Разрушить все незрелостью импульсивности.

Я оттолкнул телефон. Заказал еще кофе. И вернулся к своей газете и своему блокноту. Я открыл Pariscope42 и запрограммировал для себя фильмы, джазовые концерты и бесплатные органные концерты в церквях, чтобы убить время до понедельника. Словом, создавал иллюзию занятости.

Выходные тянулись мучительно. Я старался заполнить их делами и заботами. Лишь бы вырваться из плена завышенных ожиданий. Я пытался подавить страх: а вдруг она в последнюю минуту отменит свидание (хотя до сих пор ничто не намекало на это).

Утро понедельника началось с хлопка одной из соседних дверей. Я поплелся в ванную и увидел в коридоре Пола Моуста с двумя чемоданами у ног.

– Ну, здравствуй, незнакомец, – сказал он.

– На прошлой неделе я стучался дважды. Ты не ответил.

– Был занят другим. А теперь занят отъездом.

– Есть какая-то причина?

– Мой отец ушел из этой жизни две ночи назад.

– Мне очень жаль.

– Банальность оценена.

– Я от души.

– Знаю. Настроение скверное. Папа не был ангелом. Но я должен поступить правильно. Похороны назначены на среду. Мама сообщила, что я не вычеркнут из завещания. Так она пытается сказать мне: прояви уважение, будь рядом со мной, и я не стану тебе мешать и не пойду против тебя.

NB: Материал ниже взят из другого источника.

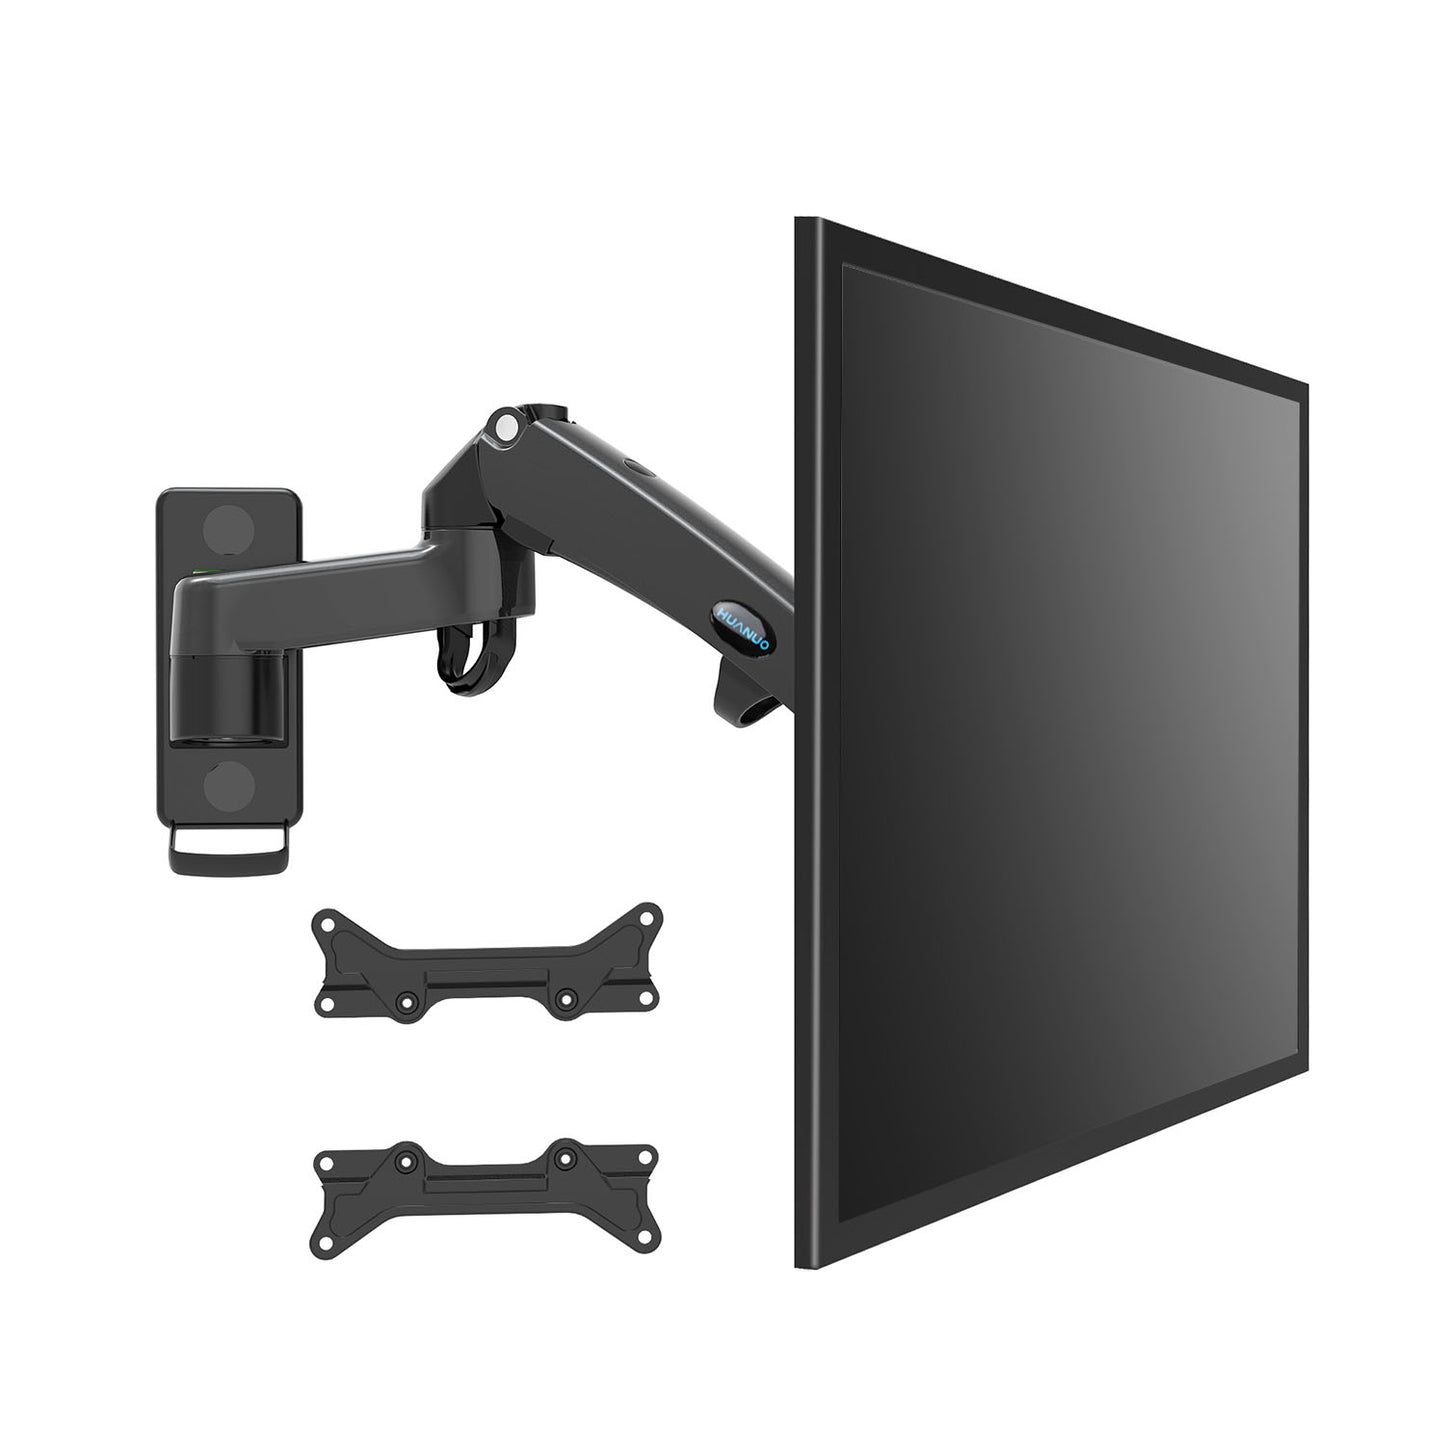 Monitor Wall Mount For 24" To 35" Screens
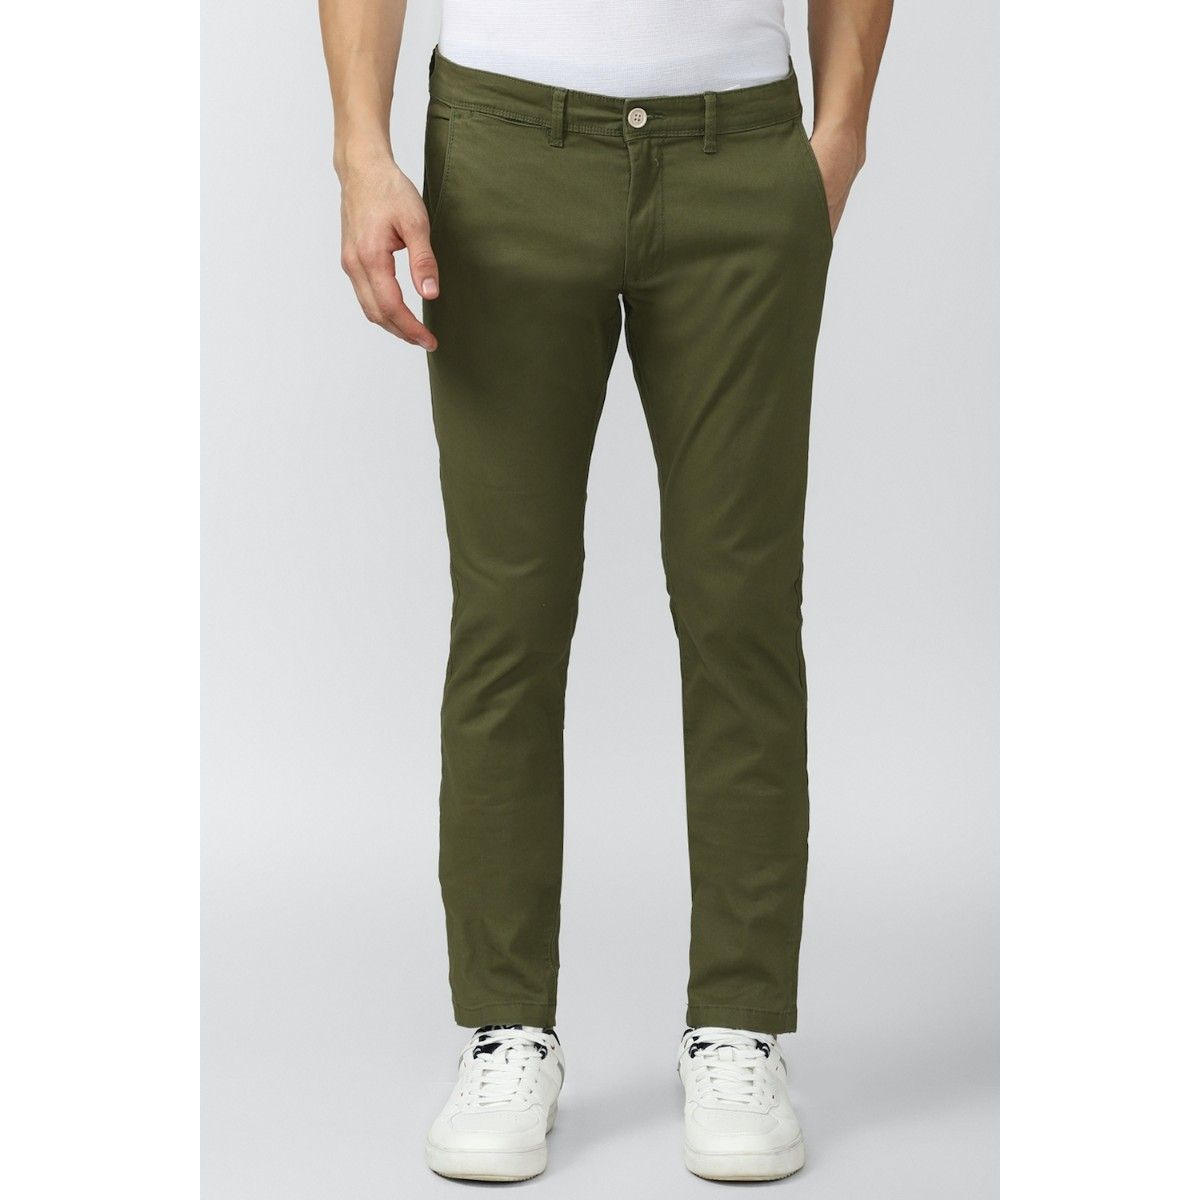 Buy Peter England Men's Casual Trousers Dark Green at Amazon.in

– Так вот оно что. Окончательный исход. Не вернешься?

– Я отсидел здесь свой срок. И подошел к тому этапу, когда положено покончить со статусом временного поселенца, обзавестись постоянным жильем, carte de sejour43, найти работу и объявить: Париж – мой дом. Получить документы, необходимые для женитьбы. Кандидатуры имеются. Но остерегайся богемных француженок с их фразами о свободной любви без тормозов. У них у всех есть эта буржуазная изнанка. Рано или поздно они заводят разговор об обязательствах, собственности, детях. Все это в них заложено еще в возрасте становления личности. Под маской сексуальной свободы часто скрывается будущая бытовая западня.

– А ты уверен, что сможешь избежать всего этого дома?

– Конечно нет. Через пять лет я женюсь и запру себя в рамках какой-нибудь академической деятельности. Если только до этого не решусь заключить Фаустову сделку и последовать по стопам отца в рекламу. Он ведь был руководителем J. Walter Thompson44. Ловкий, умный, успешный, вечно отсутствующий. Никогда не ценил меня.

Я потянулся и положил руку ему на плечо. Он стряхнул ее.

– Это и есть твое представление об утешении? – буркнул он.

– Скорее солидарность.

– Что мне это даст?

– Сиюминутную веру в то, что кто-то тебя понимает.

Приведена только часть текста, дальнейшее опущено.